Demokrasinin diğer vazgeçilmezlerinden biri ise, uluslararası olarak tescil edilmiş ve insan hakları evrensel bildirgesinde belirlenmiş olan tüm hakları kabul etmek ve saygı göstermek mecburiyetidir. En başta yaşam ve özgürlük olmak üzere; sağlık, eğitim, yiyecek, barınma ve toplumsal hizmetler de içinde olmak üzere... Sağlığına ve esenliğine uygun bir yaşam düzeyine kavuşma; yasanın koruyuculuğundan eşit olarak yararlanma; Barışçıl amaçlar için toplanma ve dernek kurma; evlenme, mal ve mülk edinme; çalışma, işini seçme özgürlüğü; din, vicdan özgürlükleri gibi evrensel hakları kabul etmek esası yine demokrasinin olmazlarından biridir.

Demokratik sistemlerin ana hususlarından birisi de hukukun üstünlüğüdür.

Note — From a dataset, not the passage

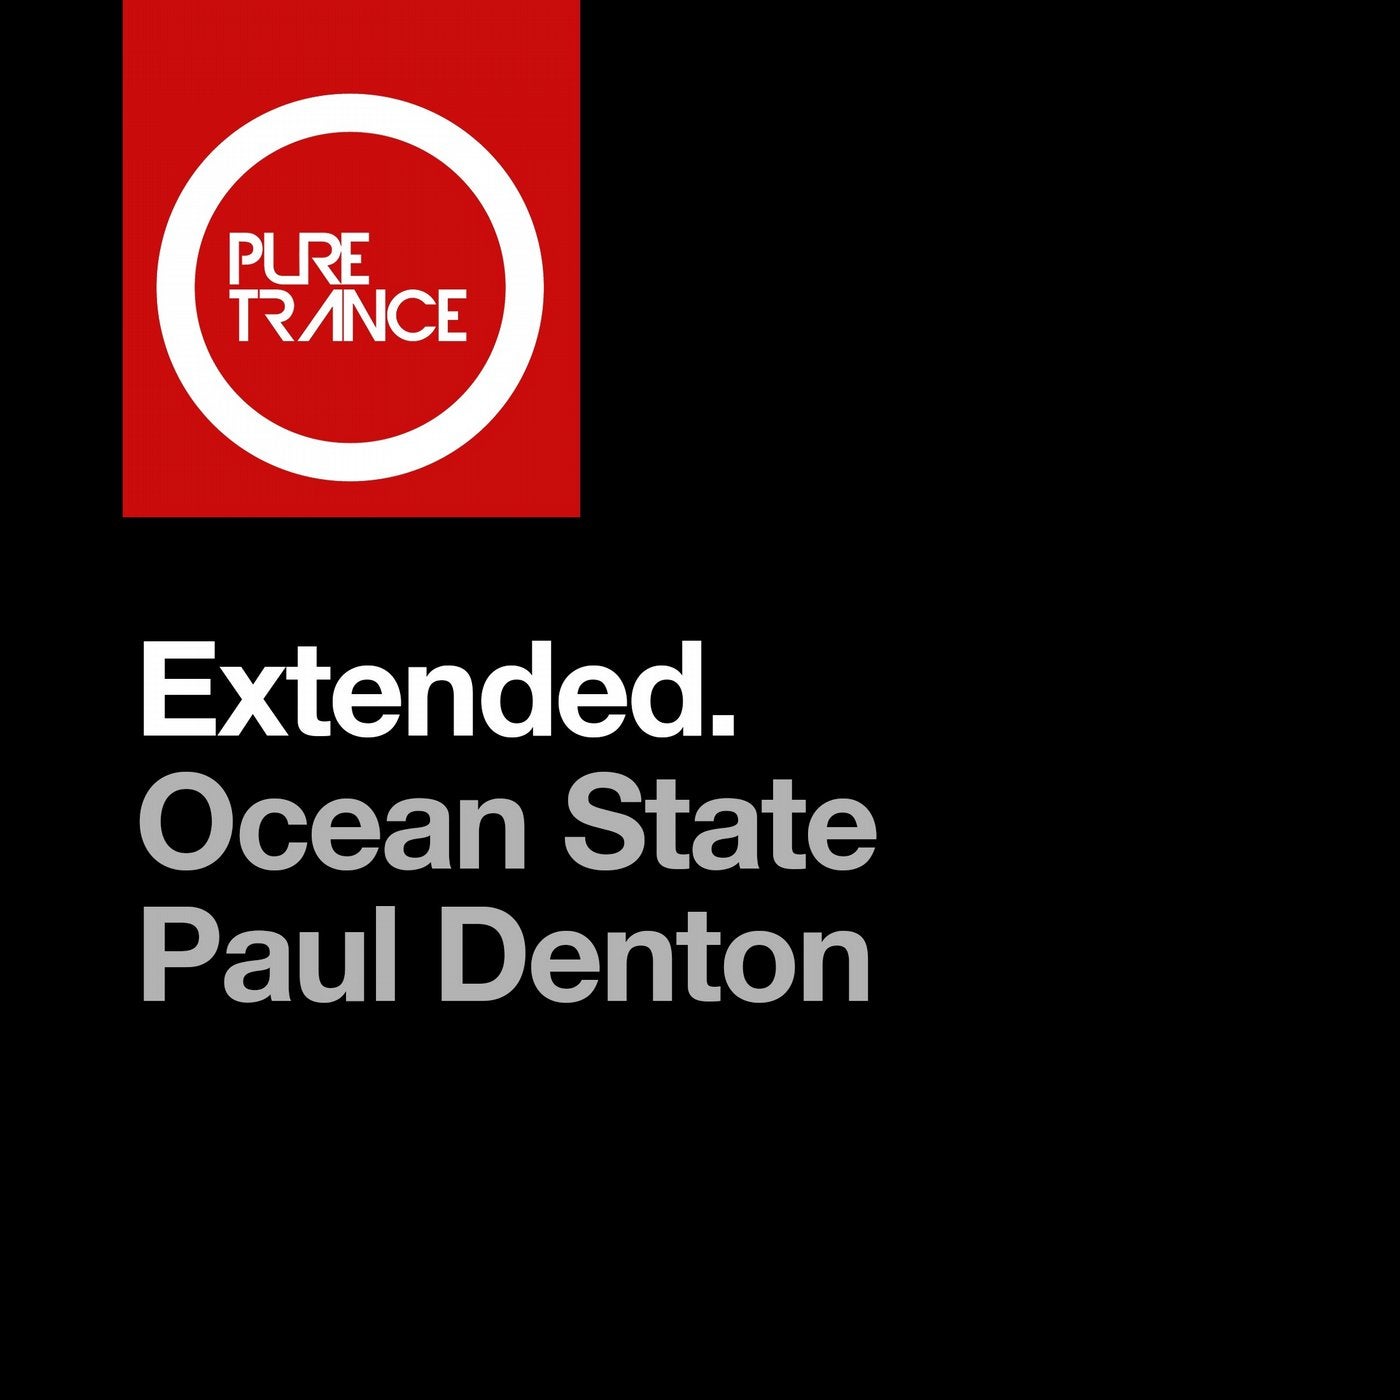 Pure Trance Extended

Demokratik düzen,  kişilerin değil, hukukun üstünlüğüne dayalı bir idare şeklidir.  Dolayısıyla vatandaşı ayırmaksızın her türlü hakkını, sırf insan olmasından dolayı korur. Özetle vatandaşlar hukuk önünde eşittir. 

Demokrasiyi çok özet ve hızlı bir şekilde sizlerle beraber hatırlamaya ve incelemeye çalıştım. Bu sistemin daha bir özeti mümkün olmadığı için yazımı bir miktar uzattım. Ve görüldüğü gibi meğer demokrasi, kâğıt üstünde, bayağı hoş, bayağı iyi bir idare sistemi imiş. Hatta daha ileri giderek, demokrasi bir erdemdir, bir özümsemedir, bir hayat biçimi ve de bir inançtır, ki İslam'da da demokrasi temel sosyal esaslardan biri olarak tescil edilmiştir.

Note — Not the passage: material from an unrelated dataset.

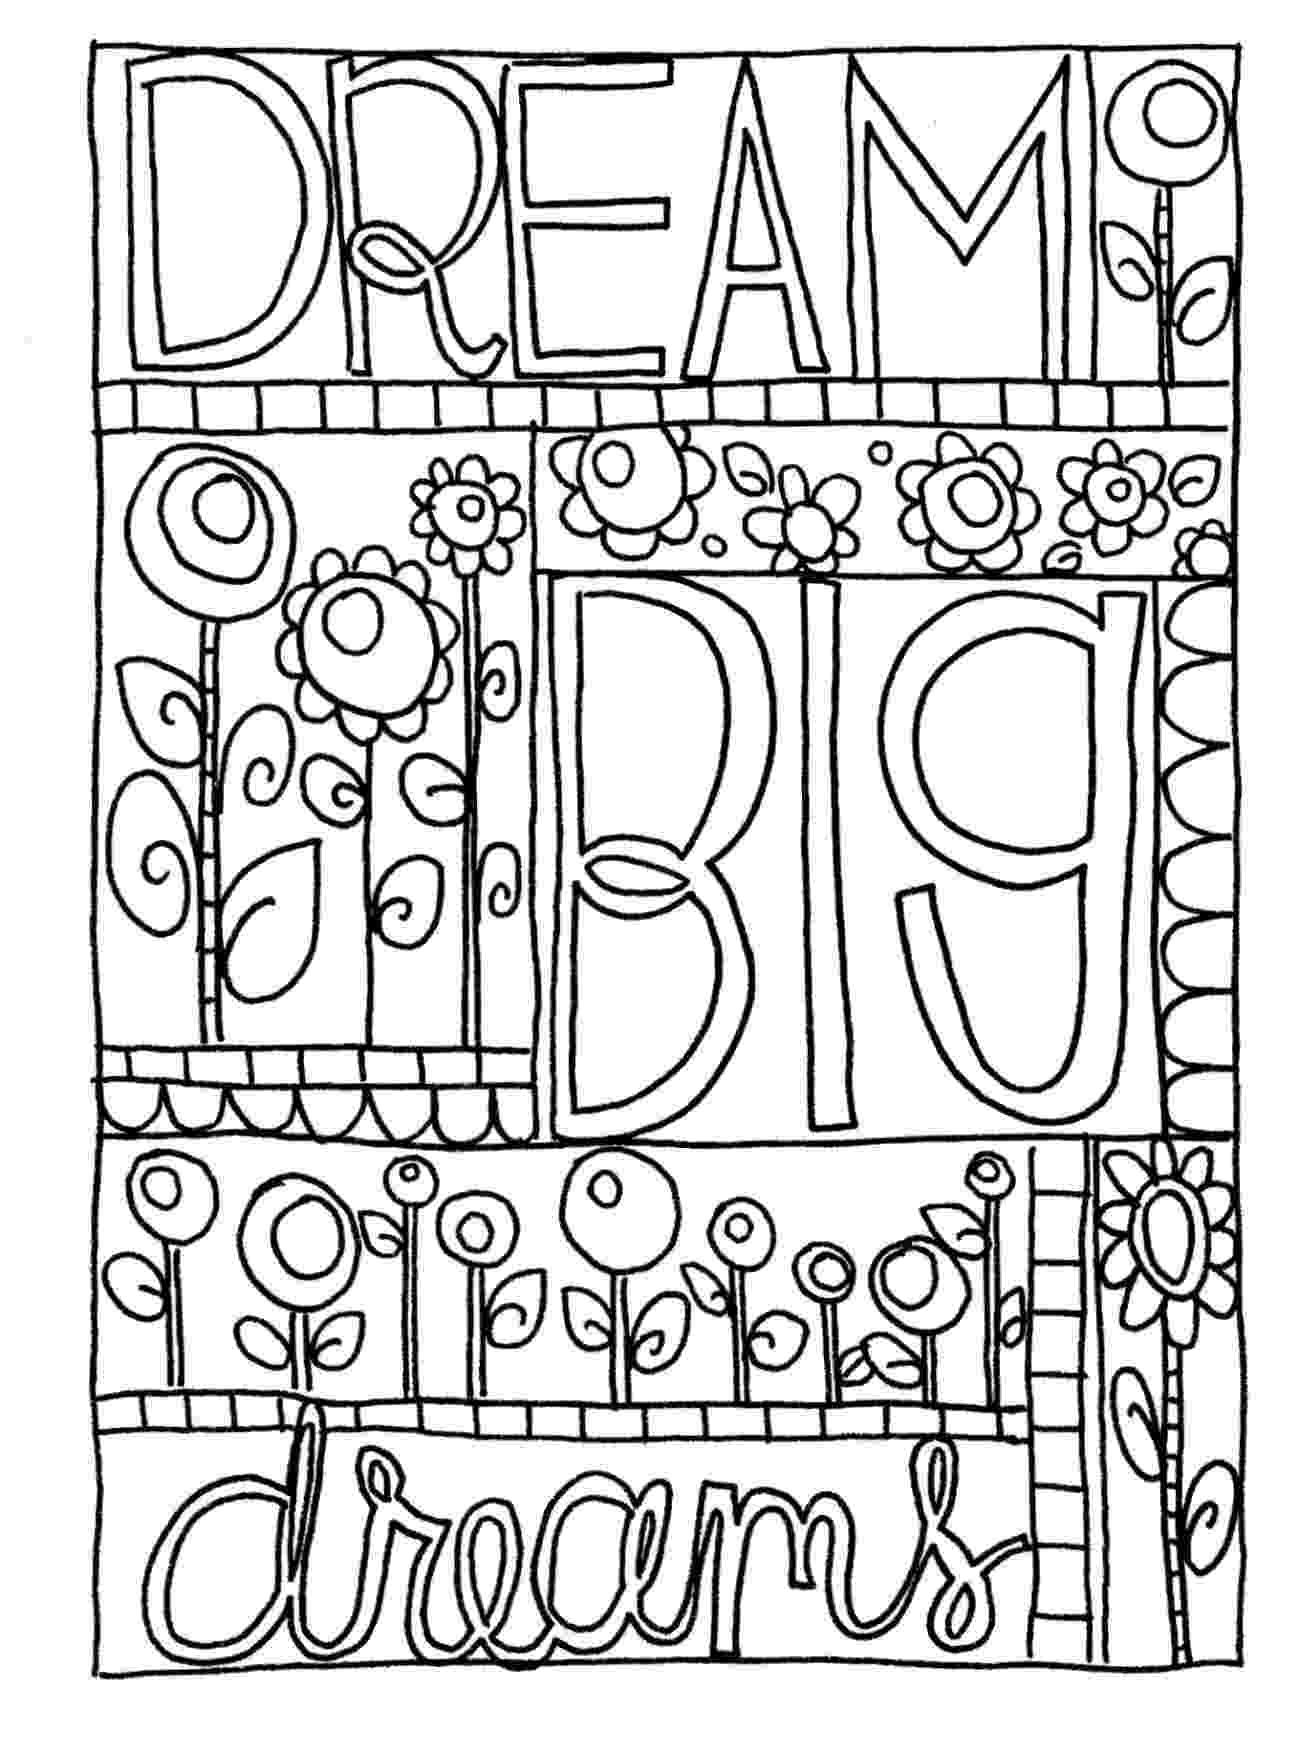 doodle art printables abstract doodle coloring page free printable coloring pages doodle printables art

Demokrasi bazılarının anladığı gibi sadece dört yada beş yılda yapılan bir seçimden ibaret değildir. Bir çıkar sağlama, güç edinme ve nemalanma kavgası da değil demokrasi. İktidar hırsı ile yalan söyleme, halkı aldatma ve kandırma özgürlüğü asla değil bu demokrasi denen meret. Halkı futbol takımı tutar gibi kamplara bölme, birbirine kırdırma, çıkar vaadiyle göbeğinden bağlama, koltuk sevdası uğruna her şeyi mubah sayma demokrasi asla değildir.

İnsan, toplumun temel unsuru olduğuna göre, yazımın başlarında belirttiğim gibi Demokraside temel sorumluluk halkındır. Çünkü yönetimi belirleyen halkın oylarıdır. Dolayısıyla sağlıklı yönetim ve sağlıklı demokrasi için, aynı şekilde haktan, adaletten, doğruluktan ve dürüstlükten söz edebilmek için, aynı erdemlere sahip olan eğitilmiş bir halkın olması demokrasinin vazgeçilmez diğer bir temelidir.

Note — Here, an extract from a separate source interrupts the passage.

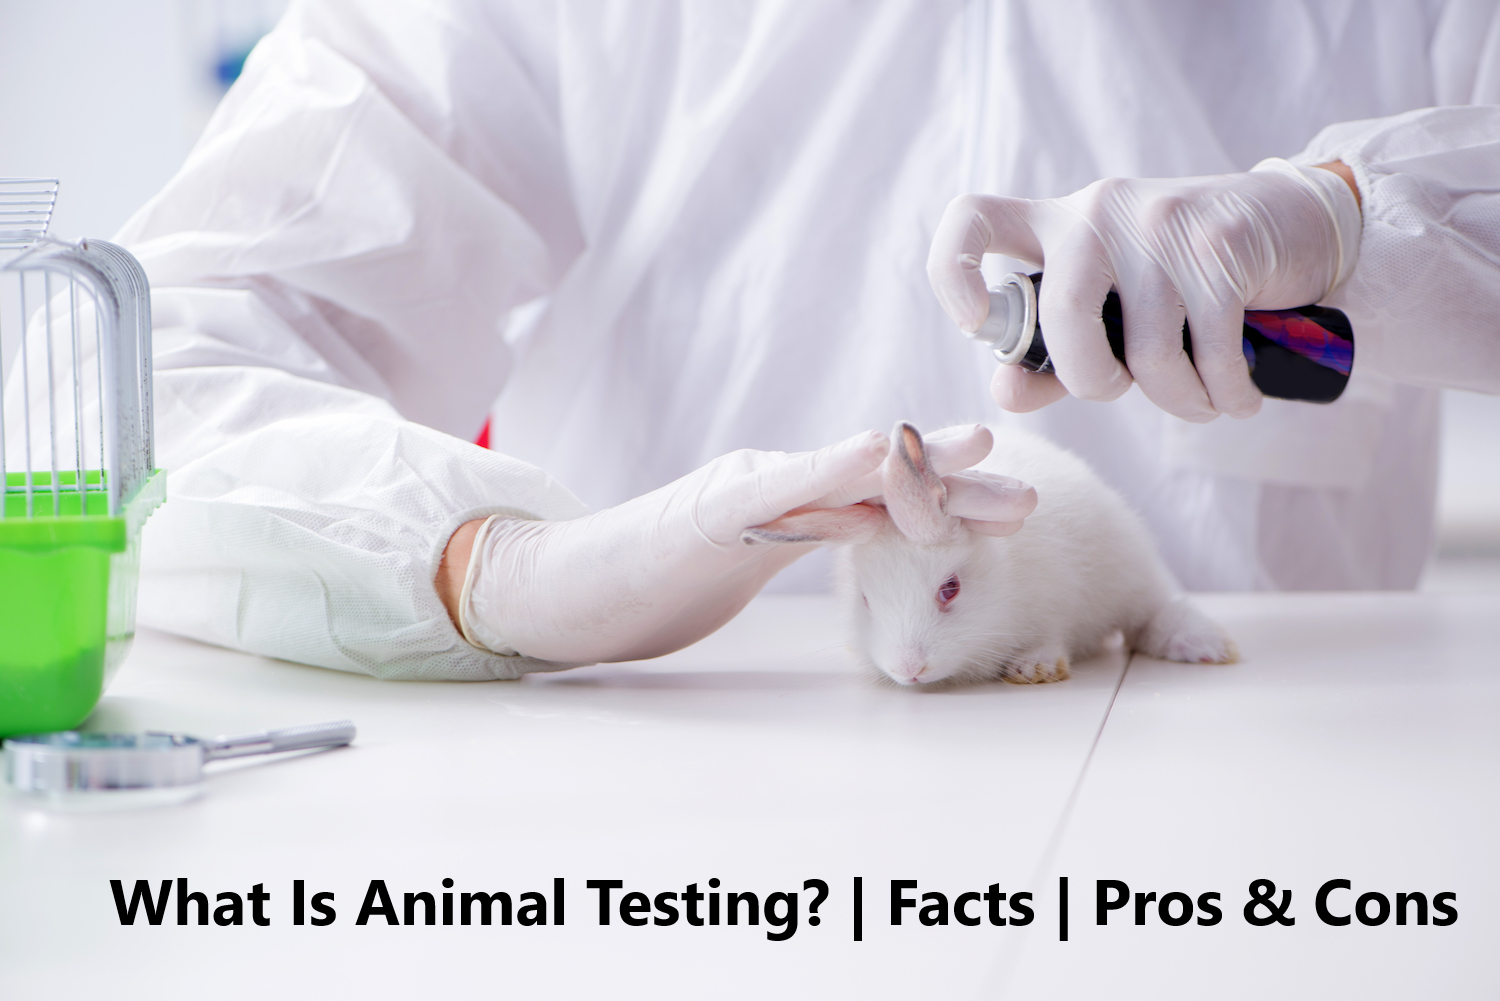 animal experimentation pros and cons

Bundan anlaşılması gereken konu; demokrasimizi daha iyi bir yere getirmek istiyorsak şayet, işe kendimizden başlamalıyız, kendimizi geliştirmeliyiz, rüyalardan uyanmalıyız, kendimizden başka herkesi suçlamaktan da vazgeçmeliyiz. En önemlisi hazıra konma huyumuzu ilelebet unutmalıyız.

Titreyip kendimize gelmenin zamanı geldi geçiyor. Yapamıyorsak, ya da daha doğru bir ifade ile yapmak istemiyorsak, o zaman fazla da şikayete gerek yok. "Eldeki malzeme bu, şartlar da bu, doğal olarak netice de bu" deyip hayıflanmaya gerek yok. Hatta kendimizi yabancılar kadar bile tanımamamızın cezası bu olsa gerek deyip kaderimize razı olmak gerek.

Ve son bir not, Bertrand Russell der ki; “Kaostan sonra gelmesi gereken yönetim biçimi mutlak olarak diktatörlüktür. Çünkü sorun önce hükümet etme, duruma çeki-düzen verme sorunudur. Daha sonra, kurulan düzenin eksiklerini gidermek için yapılan mücadele, demokrasi mücadelesini oluşturur. Tarihsel olarak demokrasi, diktatörlükten sonra gelir.”